Electric cars and more cycle lanes in Government plan to 'save our planet'

Electric cars and more cycle lanes in Government plan to 'save our planet'
A Climate Change demonstration on South Mall in Cork City in March. Picture: Howard Crowdy

THE Government’s “bold and ambitious” climate action plan will nudge people and businesses to change behaviour, the Taoiseach has said.

Leo Varadkar said the plan represented a call to action in the fight to save the planet.

The Government published its plan to tackle climate breakdown yesterday, outlining how Ireland will reduce its overall carbon emissions by 20% by 2030 and become carbon-neutral by 2050.

The plan includes more than 180 measures, including incentives to encourage people to switch from petrol and diesel vehicles to electric vehicles.

A nationwide charging system for electric vehicles is to be set up and legislation would ban the sale of petrol and diesel cars from 2030.

A retrofit programme for homes is also set to be implemented.

Mr Varadkar said: “This plan represents the sum of our hopes for the future. Our call to action in the fight to save our planet.”

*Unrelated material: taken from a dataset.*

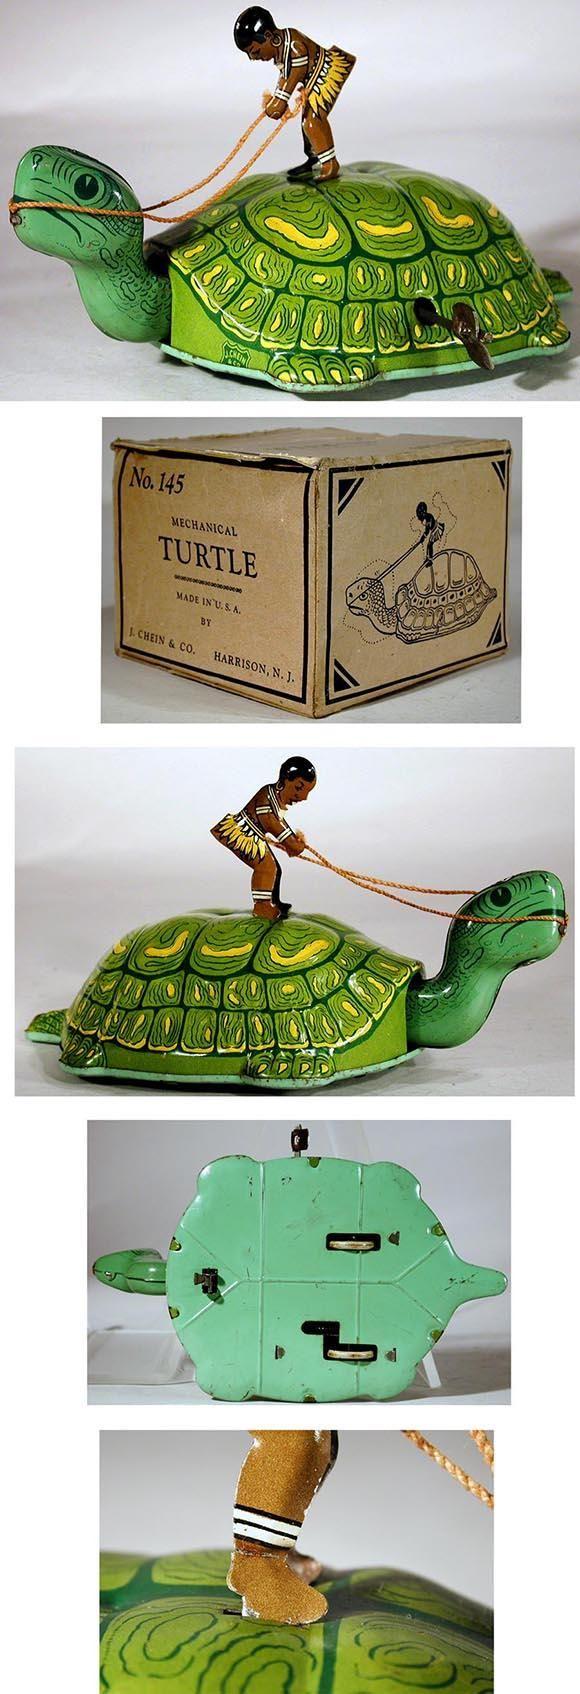 Warning turtles amp tortoises inc - C 1939 Chein No 145 Mechanical Turtle Green In Original Box
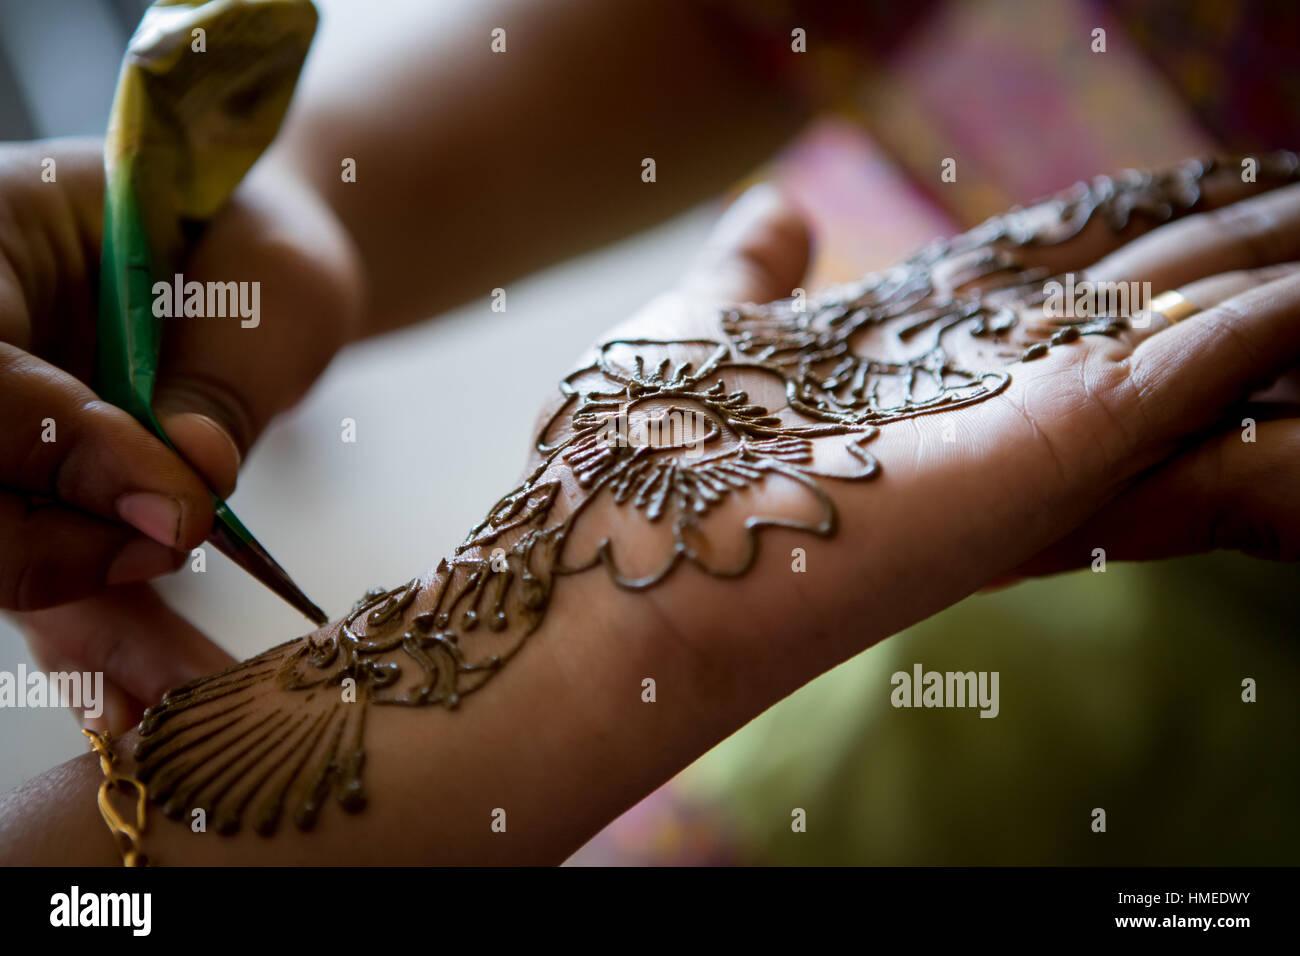 Close up of henna hand painting, Madurai, India - Stock Image

The actions in the plan include:

:: Eliminate non-recyclable plastic and impose higher fees on the production of materials which are difficult to recycle;

:: Establish a microgeneration scheme, allowing homeowners to generate their own electricity and sell what they do not use back to the national grid;

:: Move to 70% renewable electricity by 2030; currently only 30% of Ireland’s electricity comes from renewable sources;

:: Bring 950,000 electric vehicles on to Irish roads, deliver a nationwide charging network, an electric vehicle scrappage scheme, and legislation to ban the sale of petrol/diesel cars from 2030;

:: Expand network of cycling paths and park and ride facilities;

:: Deliver a plan to retrofit 500,000 homes, with large groups of houses being retrofitted by the same contractor to reduce costs, smart finance, and easy pay-back.

However, Labour’s Cork East TD Sean Sherlock criticised aspects of the proposal, saying Fine Gael had abandoned the international goal of halting global warming at 1.5 degrees Celsius.

He said: “The Oireachtas committee on climate action endorsed the findings of the world’s leading international experts who said that all countries need to reduce their greenhouse gas emissions by 45% by 2030. For Ireland, that means reducing our emissions from 60 million tonnes at present to 33 million tonnes by 2030.

“If the overall target is anything less than reducing our carbon dioxide emissions to 33 million tonnes by 2030, the Government’s plan has fallen at the first hurdle.”